パターンマッチやガード式などで場合分けする際に、副作用なしに評価できる。
何回呼んでも結果が同じということは、関数の呼び出しに副作用(状態変更やI/Oなど)がないということだ。副作用がないから何度関数を評価してもプログラムの動作に影響しない。関数型言語は次のようにパターンやガード式というもので関数を場合分けして記述する。次の絶対値を求める関数のコードはガード式で関数<(演算子ではなく関数のひとつ)を呼び出している。
abs a
	| a < zero = ~a
	| otherwise = a
Javaとかの普通の手続き型言語ならならメソッドの本体内にこの条件分けを書くことになる。

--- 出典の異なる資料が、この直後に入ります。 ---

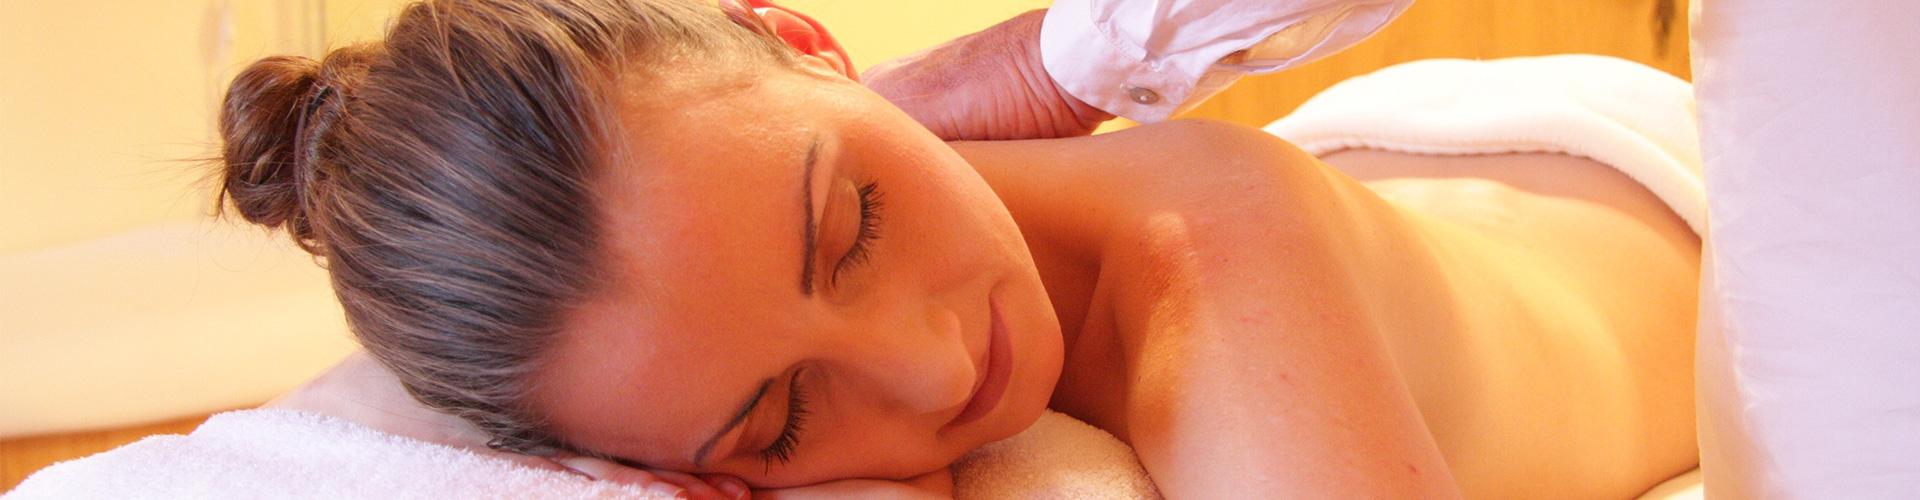 Therapiezentrum Petra Walk Physiotherapie Ostepathie Massage Presonal Training
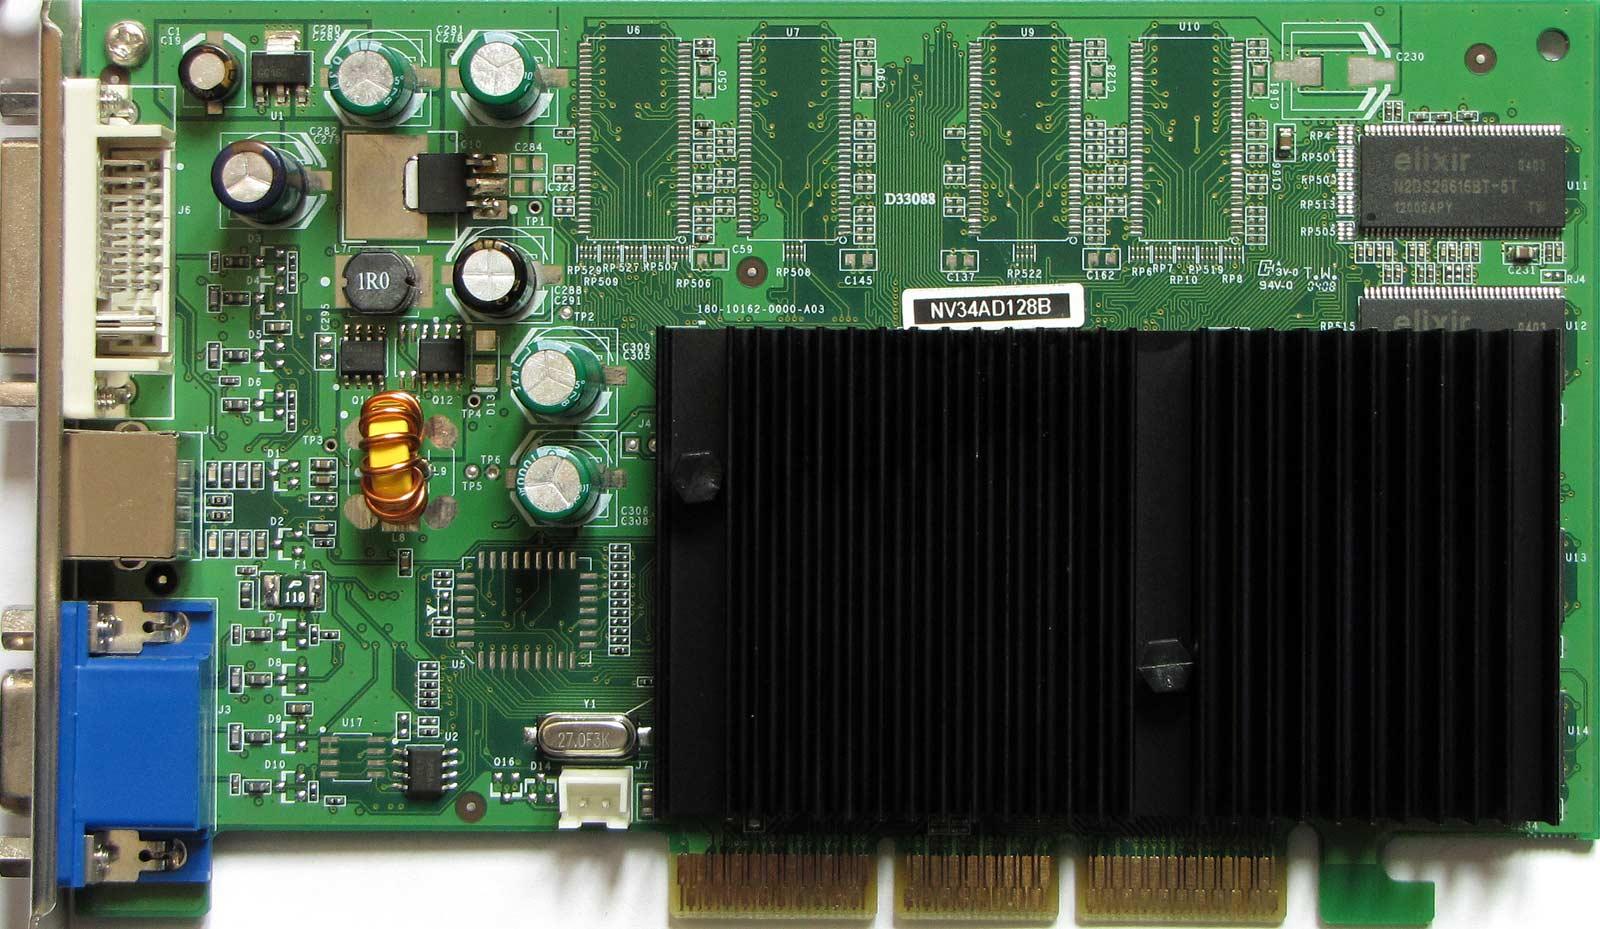 NVIDIA GEFORCE FX TÉLÉCHARGER CORPORATION 5200 NV34

public static int abs(int a) {
	/* 説明の主題から外れるのでコメントに...
	if (Integer.MIN_VALUE == a) {
		throw new ArithmeticException();
	}
	*/
	return a < 0 ? -a : a;
}
こうした、ガード式やパターンマッチに使う関数には、副作用がないことが求められる。の副作用がないことは、C言語、C++、C#、Java、Pythonといったさまざまな言語でassertの条件式を書くときにも当てはまる。
並列実行や遅延評価などが可能
いつも同じ値に評価されるということは、どのタイミングで評価しようと結果が同じということになる。そのため、実際の評価のタイミングを遅らせたり並行に評価したりすることができる。その結果、純粋関数型言語の特徴である遅延評価や並列実行という特徴につながる。参照透過性とは呼ばないが、手続き型言語でもマルチスレッドプログラミングでは、オブジェクトがmutable(変更可能)かimmutable(変更不可能)かは重要な違いとなる。

こうしてみると、参照透過性とは呼ばなくても、手続き型言語でも同じような概念を扱っていることがわかる。 関数型言語は、参照透過性を前提とすることで、遅延評価や独特の関数定義方法など、優れた特徴を手に入れている。